John Charles Hicks Jr. (March 21, 1951 – October 29, 2016) was an American football guard in the National Football League (NFL).  He is best remembered for being the last lineman to be runner-up in the vote for the Heisman Trophy.

College career
In 1970, Hicks came onto the Buckeye scene and won the job as a starting tackle.  He missed the last 6 games of the 1971 season due to a knee injury, and was granted a medical redshirt by the NCAA. He rebounded to put together two spectacular seasons in 1972 and 1973.  During Hicks' three years, Ohio State posted a 28–3–1 record, and each year, Ohio State won the Big Ten Championship and went to the Rose Bowl, making Hicks the first person from OSU to play in three Rose Bowls.
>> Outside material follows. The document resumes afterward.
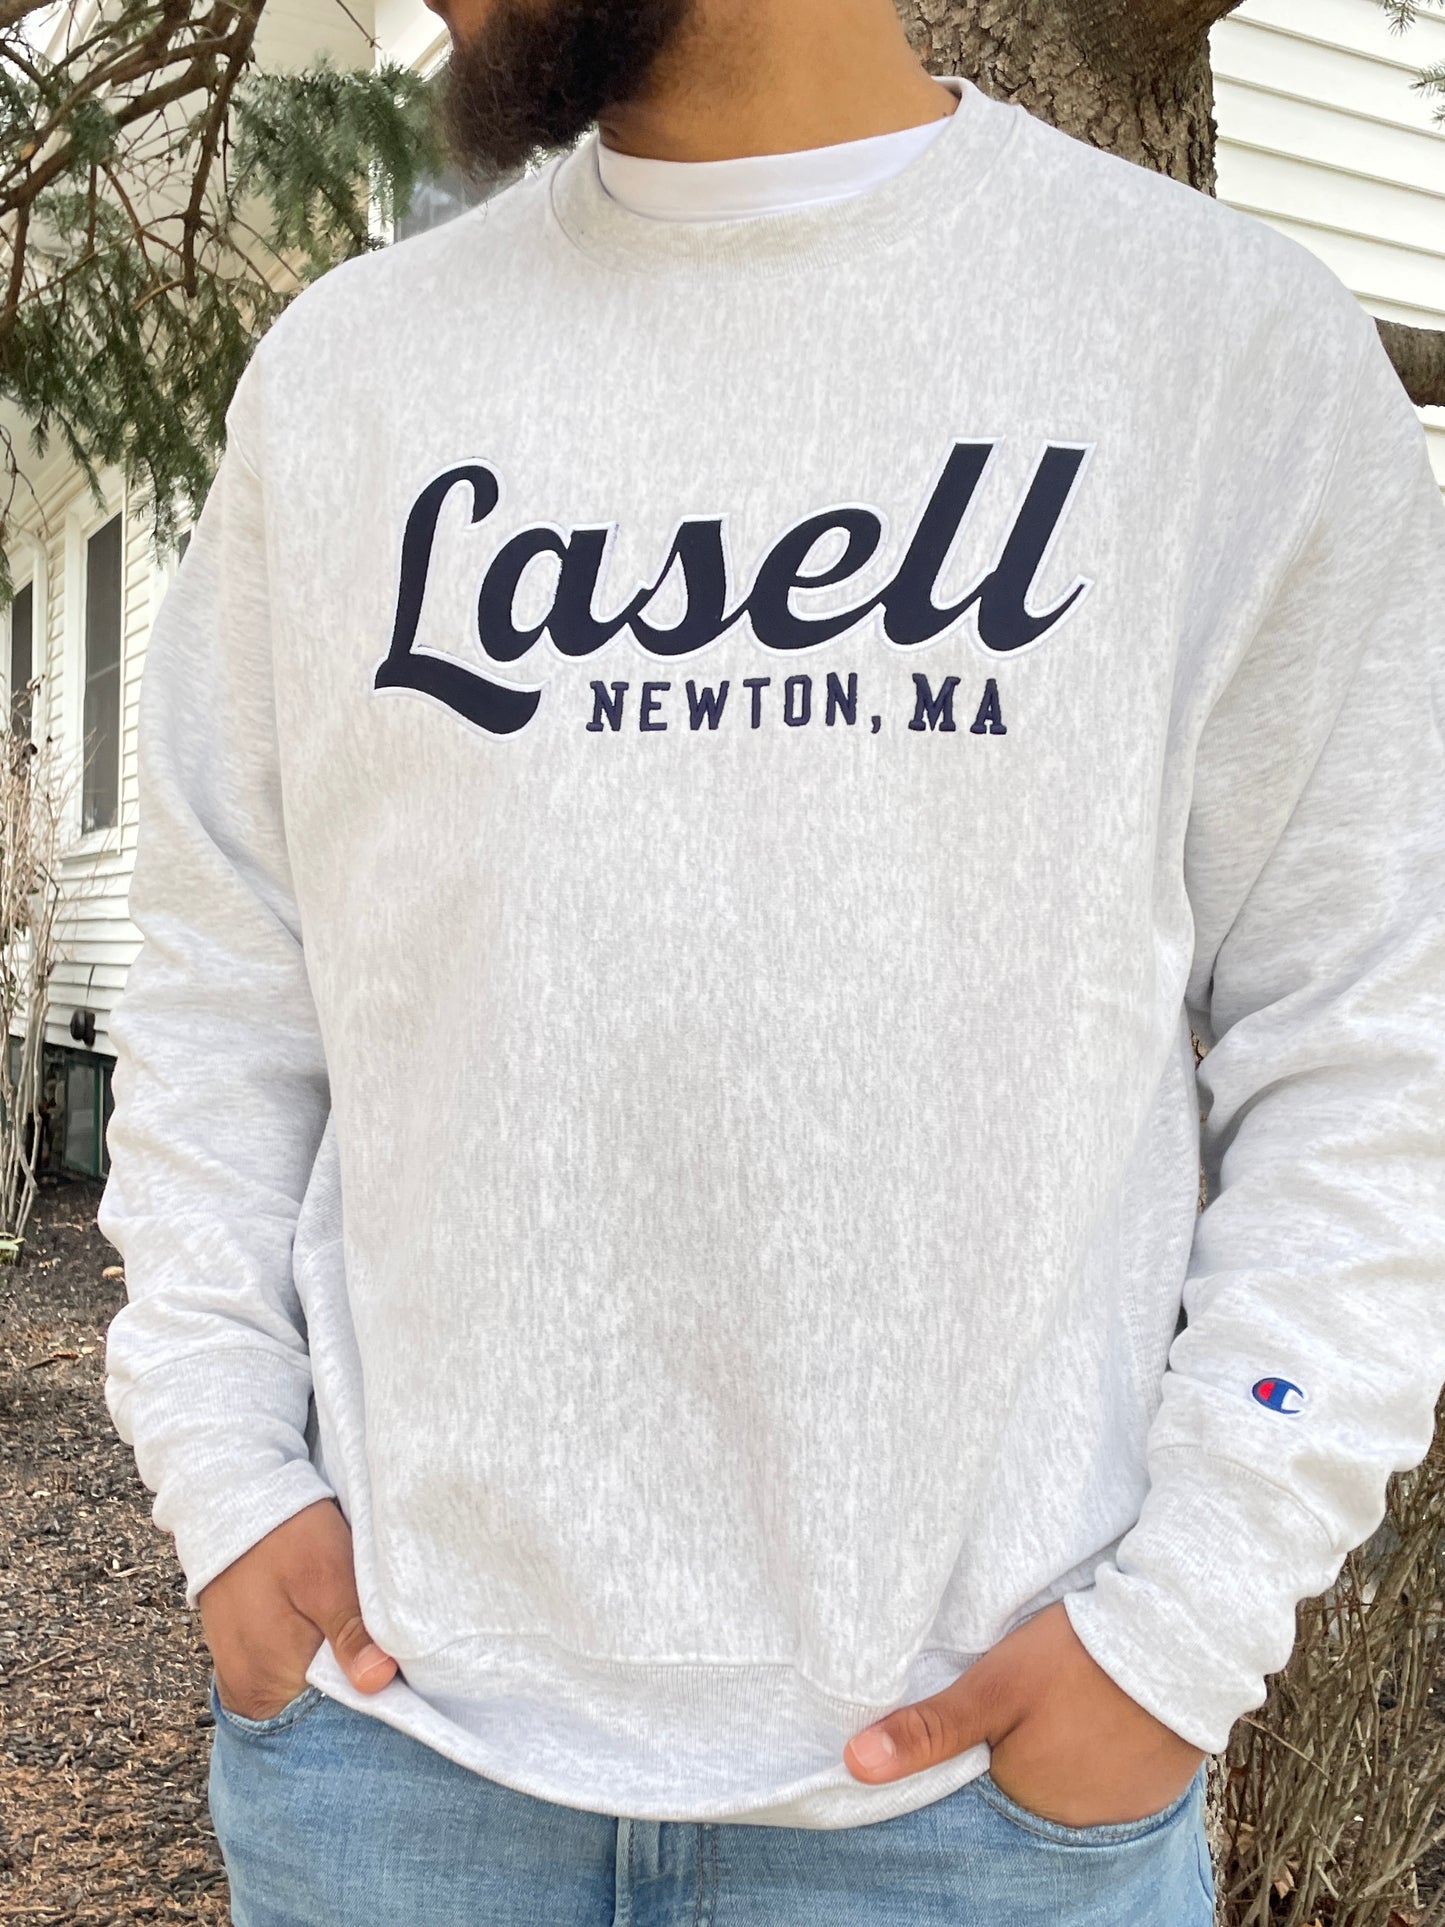 Lasell Newton MA-Heather Gray & Navy Embroidery
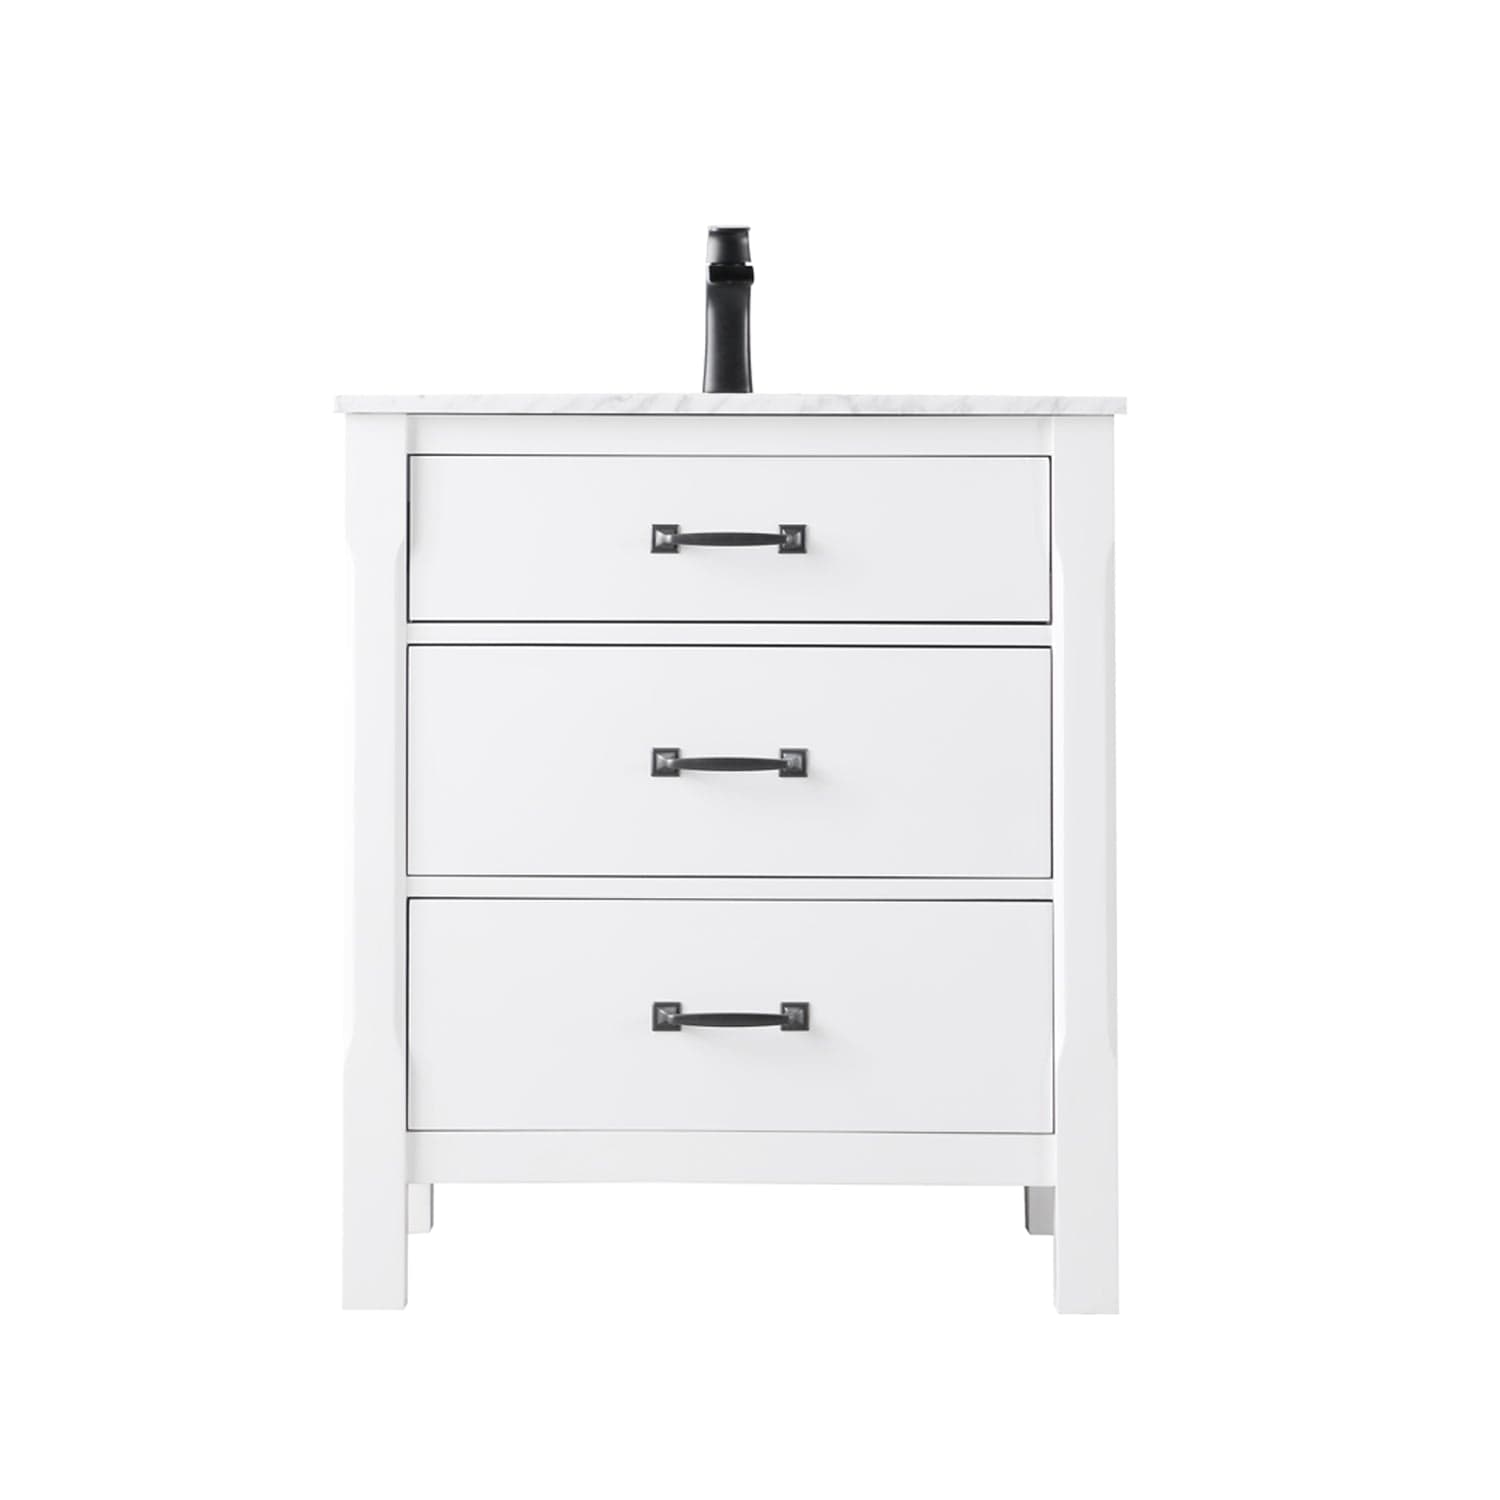 Altair Maribella 30" Single Bathroom Vanity Set in White and Carrara White Marble Countertop without Mirror 535030-WH-CA-NM - Molaix631112970266Vanity535030-WH-CA-NM

In 1972 Hicks was recognized as a First-team All-America selection and earned his first of two All-Big Ten honors.  He repeated his All-Conference honors his senior year and again earned All-America honors, this time as a unanimous selection.  His stellar senior season and dominance of the line of scrimmage caught the eye of the voters as Hicks won the Lombardi Award as the nation's most outstanding lineman and the Outland Trophy as the nation's best interior lineman.  He was the runner up to running back John Cappelletti of Penn State in the voting for the 1973 Heisman trophy.

The comeback
The 6-3, 258 pound tackle started as a sophomore in 1970 when freshman weren't eligible, and helped them go to the Rose Bowl.  In 1971, he started off the season in dominant fashion before injuring his knee and missing the last six games of the season.  After being granted a medical redshirt by the NCAA, he came back to become an All-American in 1972 helping the Buckeyes to go back to the Rose Bowl. Then he had his monster 1973 season. A first round draft pick of the New York Giants, he was named the NFC Rookie of the Year in 1974. However, injuries would put a halt to his pro career after just 4 seasons.

The Rose Bowls
Hicks was the first player to ever start in three Rose Bowls and was part of a monster Ohio State team.  The unbeaten Buckeyes lost to Stanford 27–17 in the 1971 Rose Bowl.  Next year at the 1973 game, Ohio State got steamrolled by USC 42–17.  But the 1974 Rose Bowl game would be unbeaten Ohio State's year to steamroll USC 42–21 as Hicks led the way to 323 rushing yards.

Professional career
Hicks was drafted by the New York Giants with the 3rd overall selection in the 1974 NFL Draft, of which he was the only college football player invited to attend. He played with the Giants from 1974 through 1977, and in his first 3 seasons he started every regular season game for the team as a right guard.  In April 1978, the Giants traded Hicks to the Pittsburgh Steelers in exchange for offensive lineman Jim Clack and wide receiver Ernie Pough.  Hicks never played for the Steelers.

Honors
 First-team All-American-1972, 1973
 First-team All-Big Ten-1972, 1973
 Second in Heisman Trophy voting-1973
 Outland Trophy Winner-1973
 Lombardi Trophy Winner-1973
 Rose Bowl Hall of Fame-2009

Personal
Hicks was married to Cindy Hicks who was his second wife. He had three daughters and one son with his first wife. He has three granddaughters and two grandsons.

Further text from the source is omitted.